Our economic strategy has changed. The rifle shot has replaced the shotgun blast. We can be more selective. 

Our focus today is to grow our life science, biotech, medical device, software and hardware technology, semiconductors and pharmaceutical companies and advanced manufacturing. We partner with our colleges and universities – our technical high schools - to connect talent to opportunity – students to jobs – to develop entrepreneurs and to help advance tech transfer from faculty and students into commercial companies.

You’ll hear in a moment from Jay Garner of Garner Economics in Atlanta, Ga., a national economic development consultant who has studied the Lehigh Valley for more than 10 years.

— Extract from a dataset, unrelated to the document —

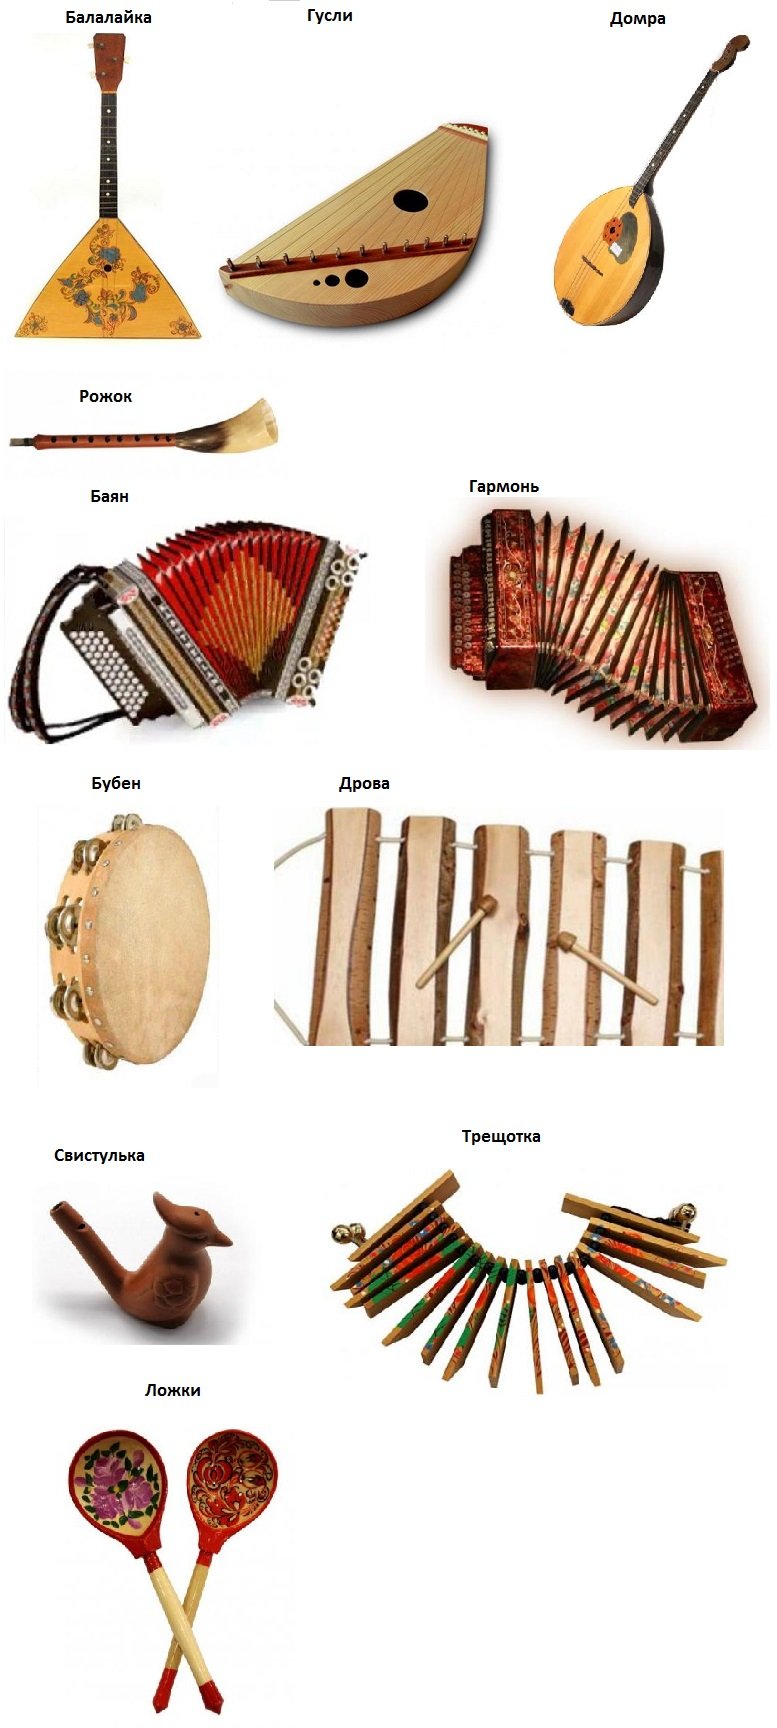 Русские народные музыкальные инструменты – Виртуозы

He advises us on or potential, our place in a competitive world – helping us set lofty goals with ideas on how to get there.

At the core manufacturing remains. We make things here. Always have. Going back to the early days of the Moravians across the river in the 1740s, who produced goods both for themselves and the growing colonies.

Manufacturing again is the largest part of the Lehigh Valley economy. An array of about 750 manufacturers employ about 37,000 workers. The pump out $9 billion a year in GDP, 16 percent of the Lehigh Valley’s economy. By comparison, manufacturing is 12 percent of the U.S. economy.

We punch above our weight class.

We make everything from medical devices to semiconductors, to steel pipe valves and airplane parts, to beer and cranberry juice, to Mack Trucks and crayons – and a lot in between. In honor of our 30th Anniversary we’ve assembled about two dozen of those products and manufacturers here today. They’re displaying their products and telling their story. Our story. We call it Made in Lehigh Valley.

The first Crayola crayons stamped Made in Lehigh Valley have come off the line – and are in your bags. Thank you, Crayola, for honoring us – and leading the way.

In the end, the story of this region is the story of its people, its companies, its schools, institutions, and neighborhoods. Our shared history – our culture, our story. The old has been infused with the new and we’ve become better. We’ve always welcomed new people, new companies, new ideas. We know how to reinvent and reimagine. That’s why we don’t stay down too long, and our future is always brighter than our past.

I can only hope I’m still here 30 years from now to see what the next three decades brings.

As our good friend Jay Garner – fresh off the plane from Atlanta – makes his way to the podium, check out our 30th Anniversary Video, produced right here in the Lehigh Valley, just like all the videos that you are seeing today.